Умолкли все. Задумались. Горевшая в углу свечка вдруг мигнула и погасла.
— Стало быть, отбой, — произнес старшина Болдырев и, попрощавшись, тихо вышел из землянки.
Старая слава новую любит
Утром следующего дня сержанта Лаврова позвал незнакомый старшина. Представился: фотограф из политотдела дивизии. Нужно сделать карточку для партийного документа. Отошли в сторонку. Старшина растянул между двумя соснами простынь и специально приготовленными гвоздями прикрепил ее. Поставил Вадима, поправил ему волосы, гимнастерку, чуть поднял подбородок, потом отошел и два раза клацнул затвором фотоаппарата. Сказал, чтобы после обеда сержант был в политотделе, где ему будут вручать кандидатскую карточку.
Вернувшись в землянку, Вадим первым делом решил подшить чистый подворотничок. А материи нужной не оказалось. Выручила Наташа. У нее был кусок парашютика от немецкой ракеты. Отрезала от него полоску, дала сержанту. Тот вытащил из пилотки иголку с ниткой и, сняв гимнастерку, стал прилаживать подворотничок. Наблюдавшая за ним Марина иронически улыбнулась, подошла, молча отобрала у него все и села поближе к свету. Иголка проворно замелькала в ее руках. Не прошло и трех минут, как она, откусив нитку, подала Вадиму гимнастерку. Тот взял, растянул воротник. Над верхним обрезом его, будто линейкой отмеренная, виднелась белая миллиметровая полосочка.
— Большое спасибо, — сказал он, — я бы никогда так ровно не пришил. — И взглянул ей в глаза. А там такая ласка, теплота! Даже неудобно стало. Надел гимнастерку и побыстрее вышел на улицу.
После обеда минут десять драил куском сукна сапоги, не жалея слюны. Осмотрел со всех сторон, самому понравились. И пошагал к политотделу, который располагался примерно в километре, тоже в лесу, в землянке.

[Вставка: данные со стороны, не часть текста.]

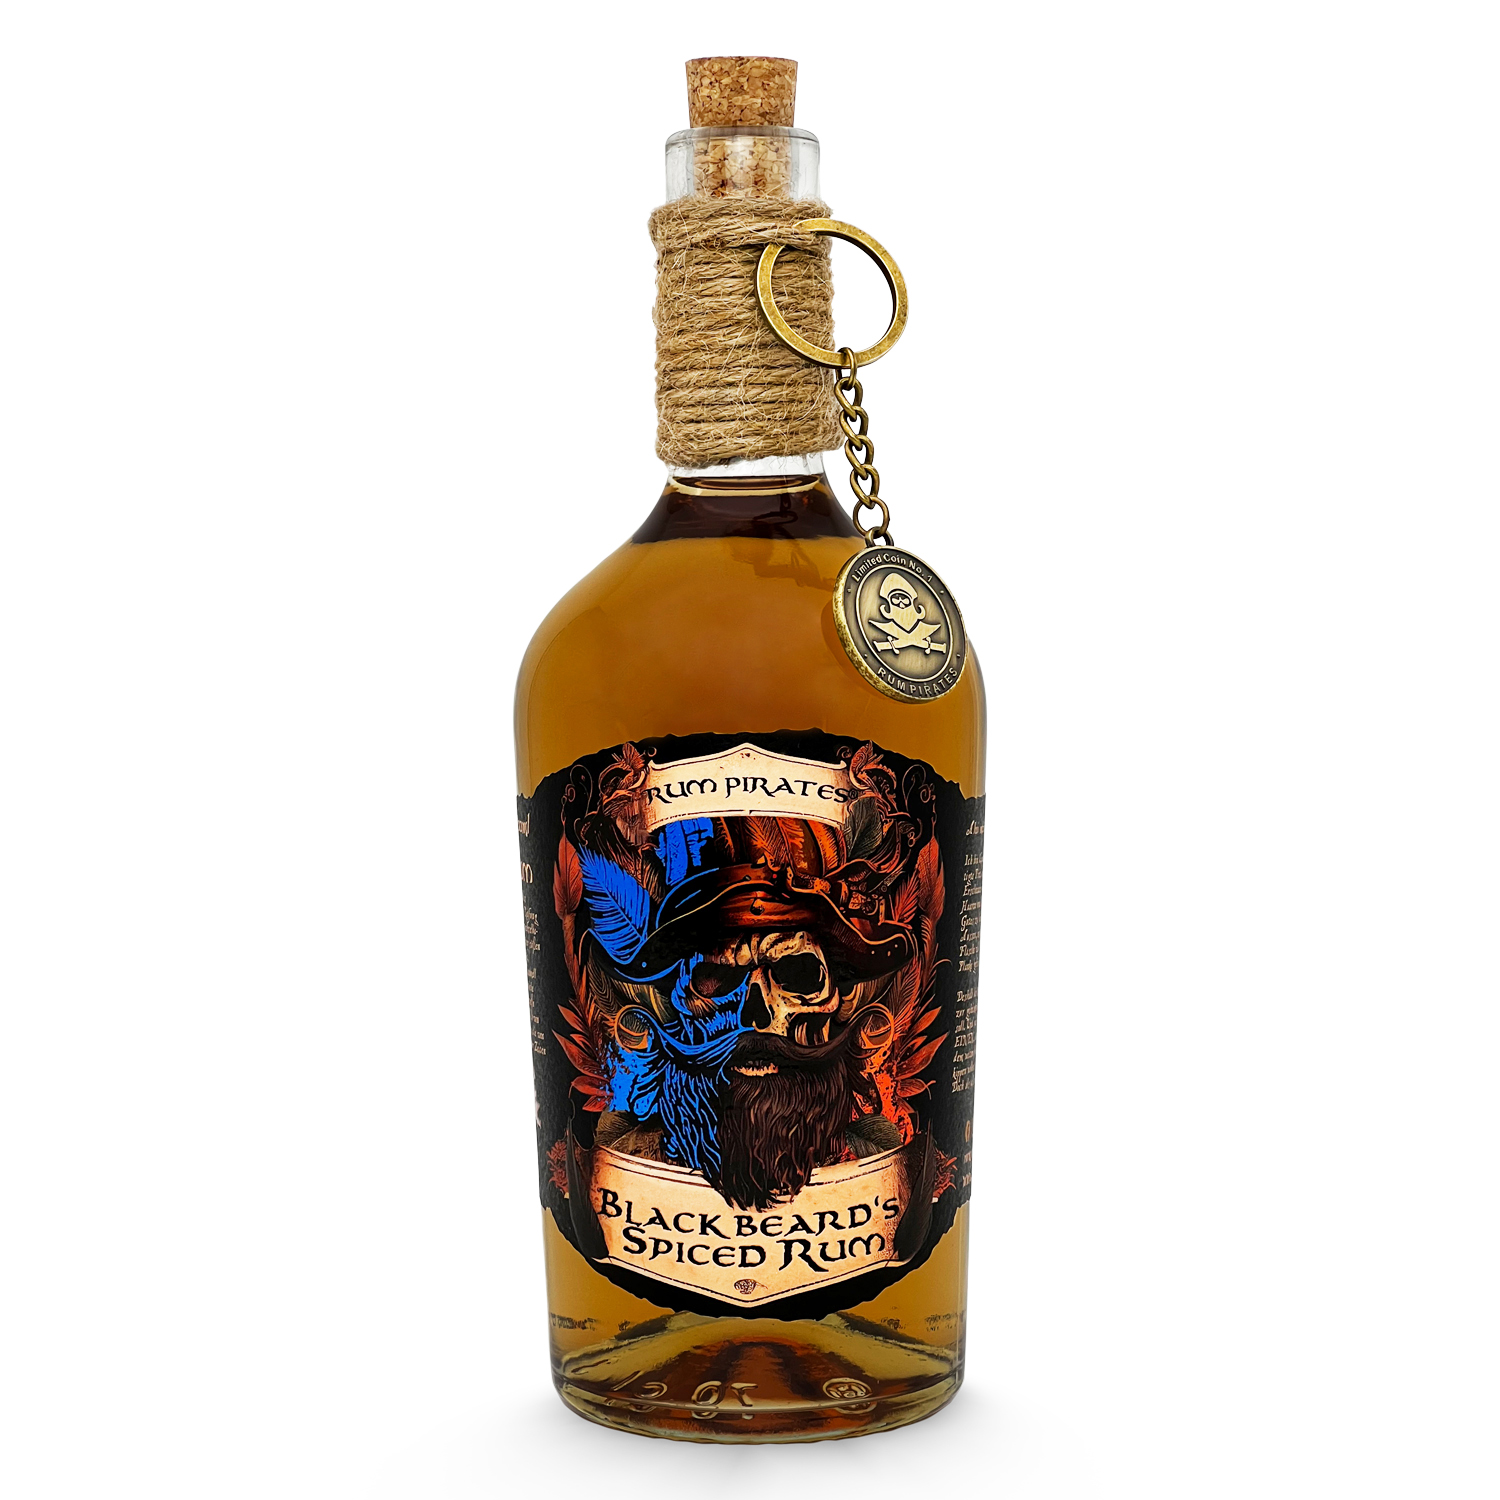 Blackbeard‘s Spiced Rum 40%, Rum Pirates, 0,7 l

День был яркий, солнечный. С моря дул прохладный ветер. На небе — ни облачка. Успокаивающе шумел сосновый лес. Вадим шел напрямик. Он рад был сейчас всему: солнцу, гулу моря, вот этим красавицам с шелушащимися медными стволами. Около одной из них остановился, увидев свежий, янтарный наплыв смолы. Пригляделся получше: в дерево впился осколок, и теперь сосна сама лечила рану свою. Соком своим, слезами своими закрывала ее. Вадим протянул руку, чтобы поправить наплыв, как вдруг сверху что-то посылалось на пилотку. Мгновенно перехватил винтовку, взглянул вверх. А там, откинув трубой пушистый темно-рыжий хвост, сидела на сучке белочка. В передних лапках у нее была сосновая шишка. Зверек быстро-быстро вращал ее. Вниз беспрерывной струйкой летела шелуха. Но вот вместе с шелухой полетел и огрызок шишки. Белочка прыгнула на другую ветку, пробежалась по ней до конца, а с нее — на соседнее дерево. И опять с шишкой сидит. Удивительно, ведь только вчера здесь бой прошел. Казалось, все живое скрылось отсюда. Ан нет. Воистину, лес без зверей, а только с людьми — это не лес. Не будет же белка жить в поле. Будто чувствует она: тишину здесь установили навсегда.
Метров через сто сержант остановился в изумлении: на небольшом взгорке росла группка берез. Среди вековых сосен они были подобны юным созданиям в белых платьицах. Только поредел их золотистый убор. И хоть ветер был слабый, листики, то один, то другой, срывались с ветвей и мягко ложились на землю.
Вадим подошел ближе. Сладко защемило сердце. Такие же вот березки росли возле дома у дедушки. Он звал их не иначе как подружки.
На опушке леса, где погуще сосняк и много кустов орешника, можно было разглядеть несколько землянок. Лавров направился к той, которая была побольше. Его остановил грозный окрик:
— Стой! Кто идет?
— Сержант Лавров, по вызову.
— Минутку. — Часовой приоткрыл дверь землянки, доложил: — Сержант Лавров, по вызову. — Чуть подождал, повернулся к Вадиму: — Проходите.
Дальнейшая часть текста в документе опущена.